§ **WHAT THE EXERCISE ASKS**
Repeat the lines below exactly as they appear, but leave out the images.

§ **DATA PROVIDED**

-- Opening Marker --

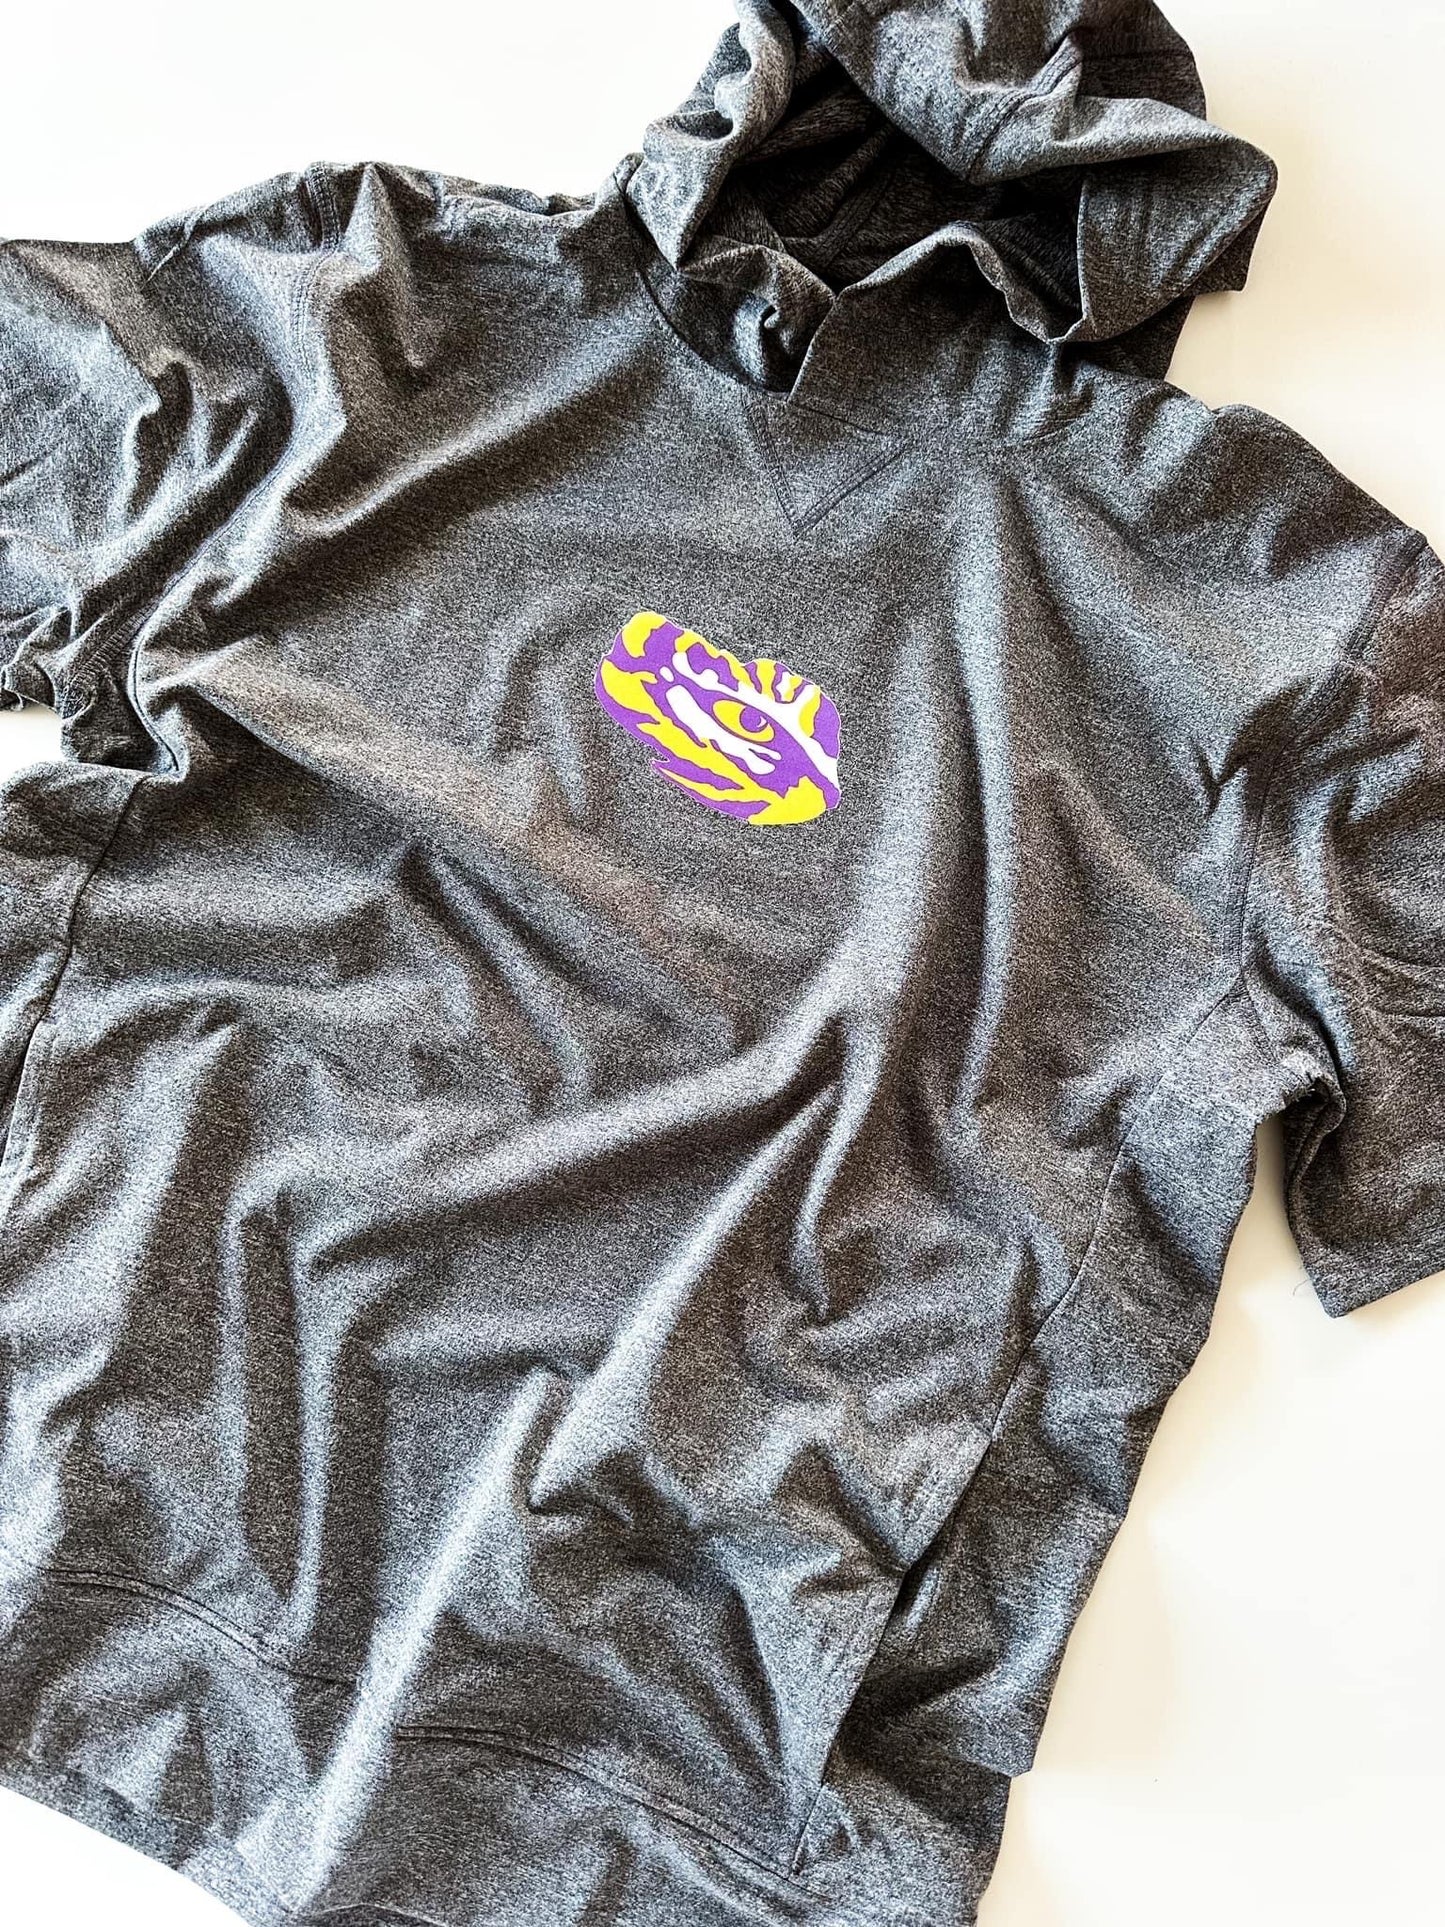 Springville Tigers Minimal Performance Hoodie | Youth-Sister Shirts-Sister Shirts, Cute & Custom Tees for Mama & Littles in Trussville, Alabama.
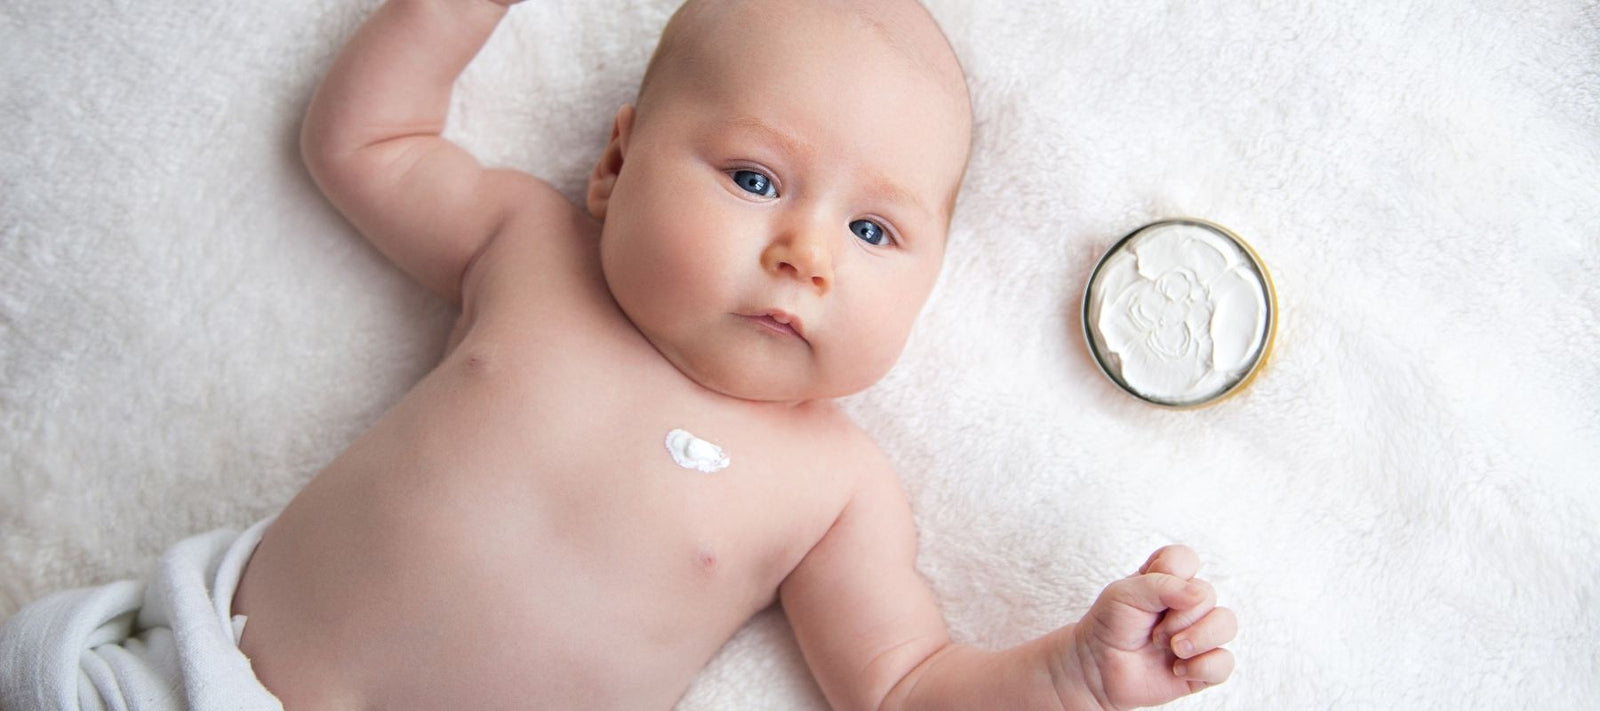 Baby Skin Care: 10 Tips, Products to Use, and More
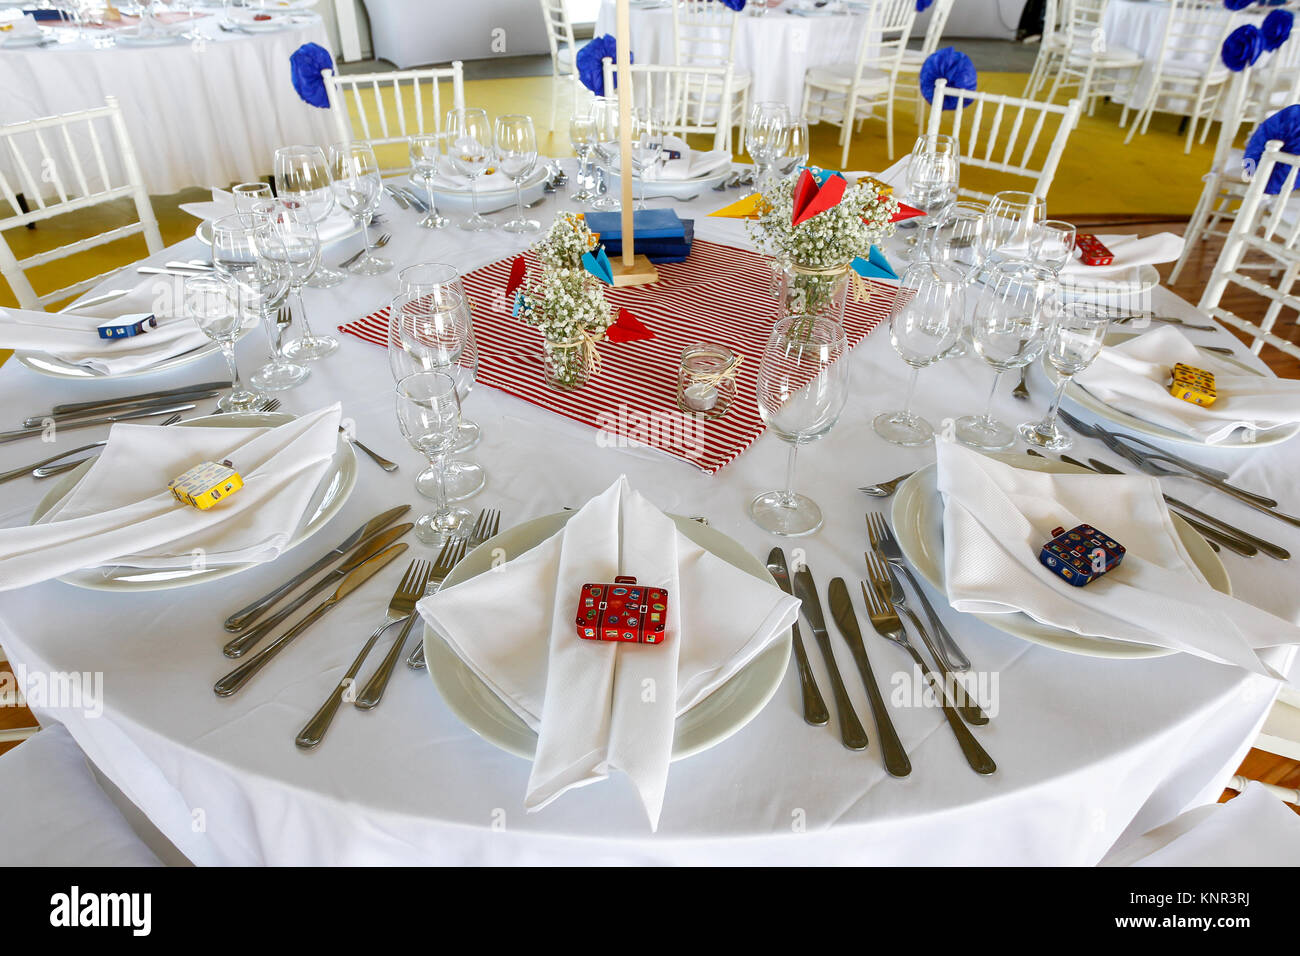 Circle dinner table served with white crockery and decorated with colorful objects. Stock Photo

-- Closing Marker --

§ **RESULT**
 Springville Tigers Minimal Performance Hoodie | Youth-Sister Shirts-Sister Shirts, Cute & Custom Tees for Mama & Littles in Trussville, Alabama.
 Baby Skin Care: 10 Tips, Products to Use, and More
 Circle dinner table served with white crockery and decorated with colorful objects. Stock Photo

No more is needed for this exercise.